The quantum motion of a periodically kicked rotator is shown to be related to Anderson's problem of motion of a quantum particle in a one-dimensional lattice in the presence of a static-random potential. Classically, the first problem is nonintegrable and, for certain values of the parameters, exhibits chaos and diffusion in phase space; in the second problem, diffusion takes place in configuration space. Quantum phase interference, however, is known to suppress diffusion in Anderson's problem and to produce quasiperiodic motion. By establishing a mapping between the two systems we show that a similar effect determines the dynamics of the quantum rotator.

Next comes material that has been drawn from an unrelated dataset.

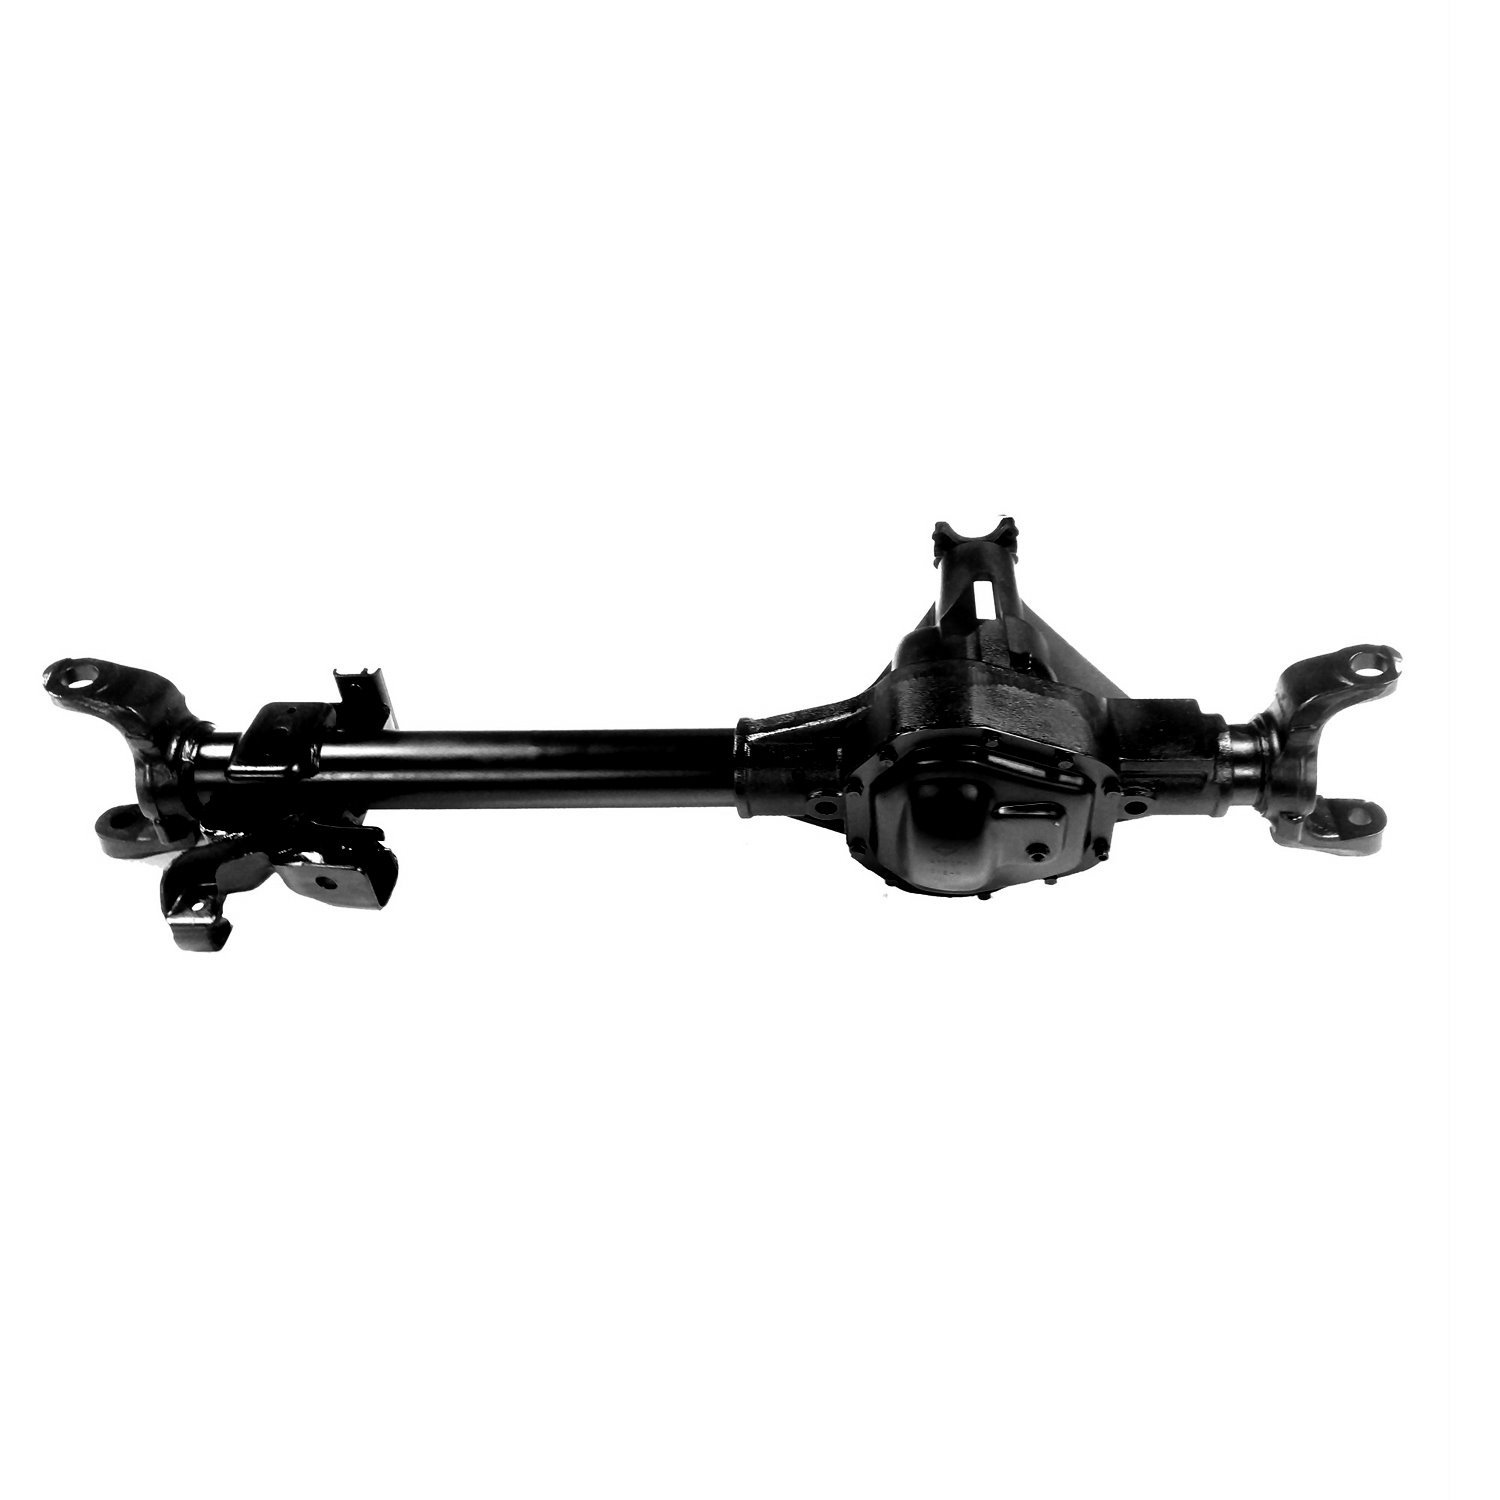 Remanufactured Complete Axle Assembly for Dana 60 08-09 Ford F350 3.73 Ratio, SRW

As a result its wave functions are localized in phase space and their time evolution is quasiperiodic. This result explains the quantum recurrences and boundedness of the energy found in recent numerical work.

INTRODUCTION

In recent years the study of the effects of quantization on the properties of classically nonintegrable systems has attracted increasing attention. The understanding of the nature of quantum behavior of these systems is not only of fundamental importance but it is also a problem of experimental relevance in fields as diverse as photochemistry, electron dynamics in microstructures, and other contexts. Understanding the relation between quantum problems and their classical limit may also shed light on the zero wavelength approximation to other wave equations, for example the eikonal approximation to the magnetohydrodynamic equations that are of great interest in plasma physics. In the context of applications to photochemistry various model systems described by timeindependent Hamiltonians have been recently studied.